** Opening ENTRIES SHOWN block **

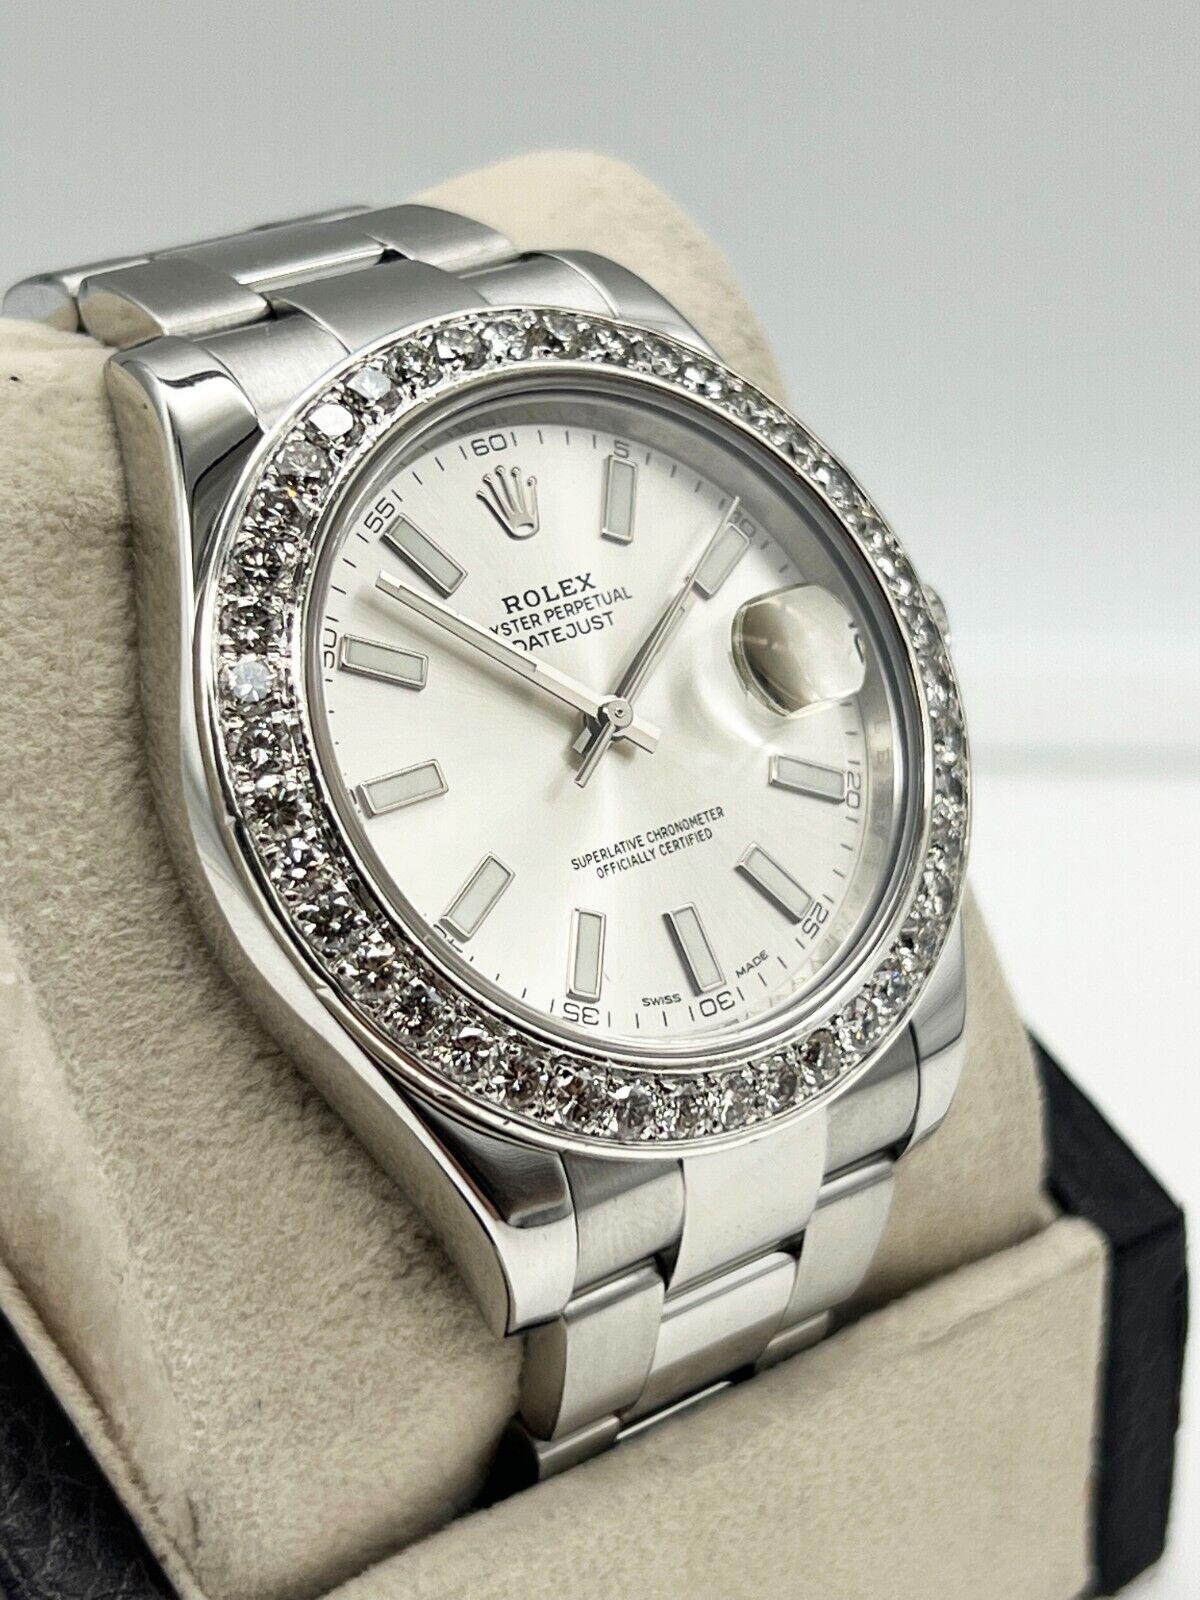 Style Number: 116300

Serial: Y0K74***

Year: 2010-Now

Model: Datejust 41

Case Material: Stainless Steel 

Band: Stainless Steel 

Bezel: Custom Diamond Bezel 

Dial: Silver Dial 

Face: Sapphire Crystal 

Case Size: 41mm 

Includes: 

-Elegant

** Closing ENTRIES SHOWN block **
** Opening ENTRIES SHOWN block **

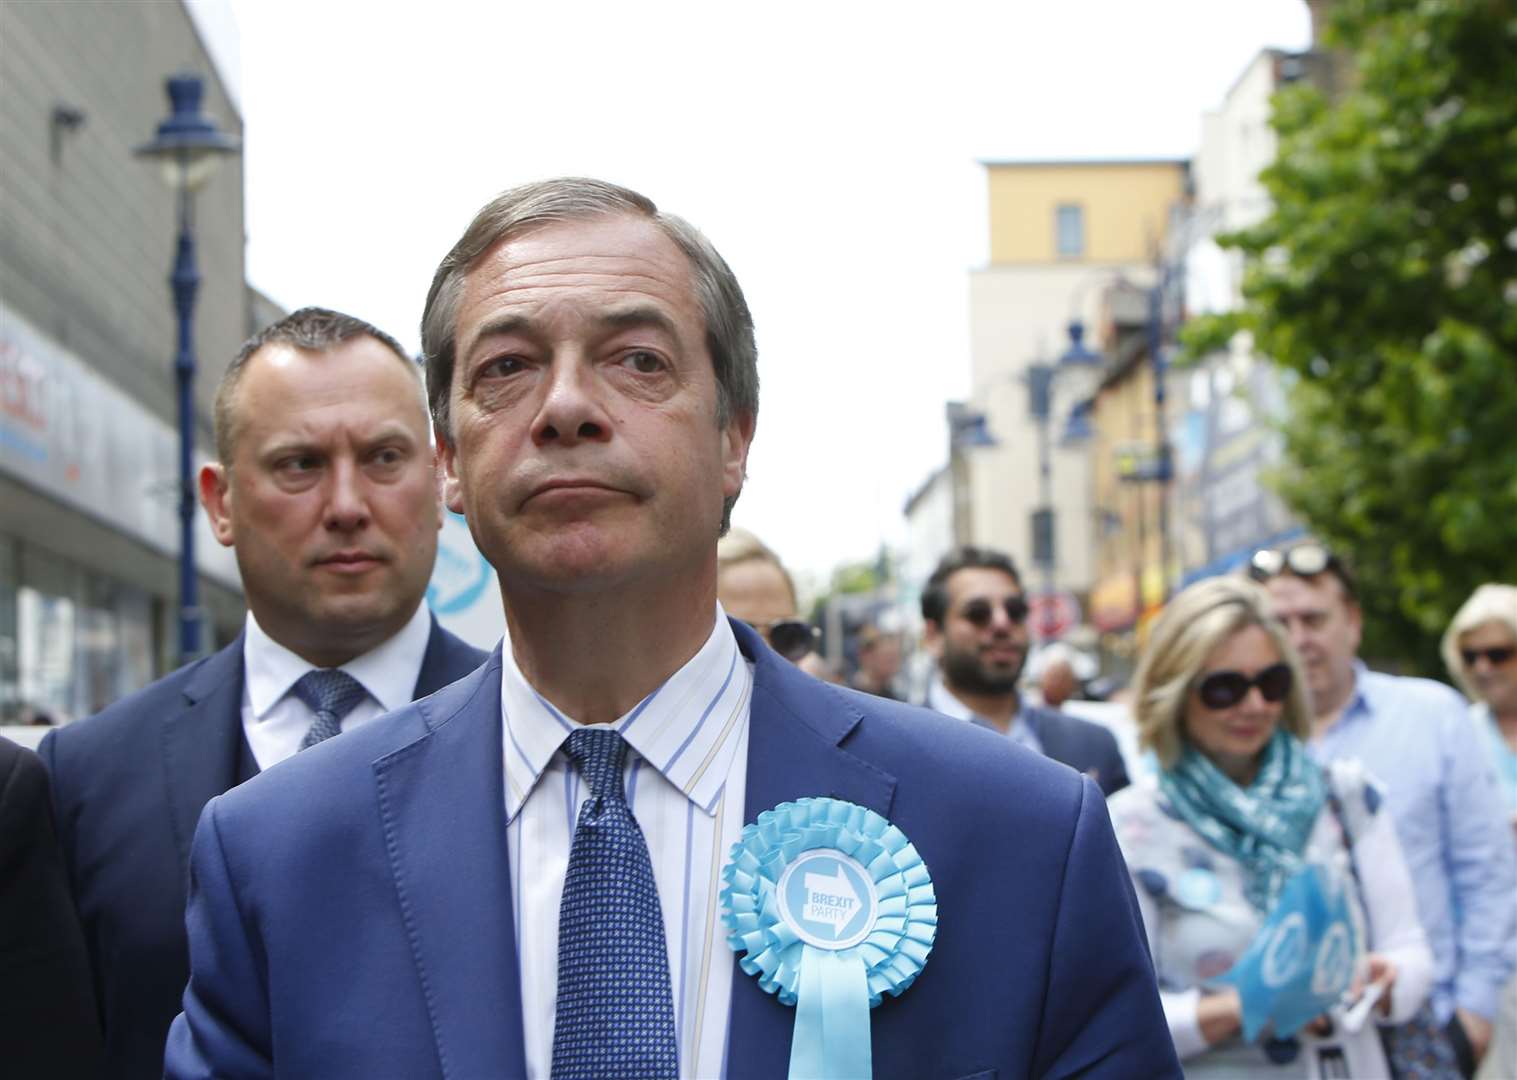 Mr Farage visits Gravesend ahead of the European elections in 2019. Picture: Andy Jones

** Closing ENTRIES SHOWN block **

HOW TO COMPLETE THIS TASK:
Using the material above, copy every line in which the string "Steel" occurs.

TASK SOLUTION:
Case Material: Stainless Steel 
Band: Stainless Steel 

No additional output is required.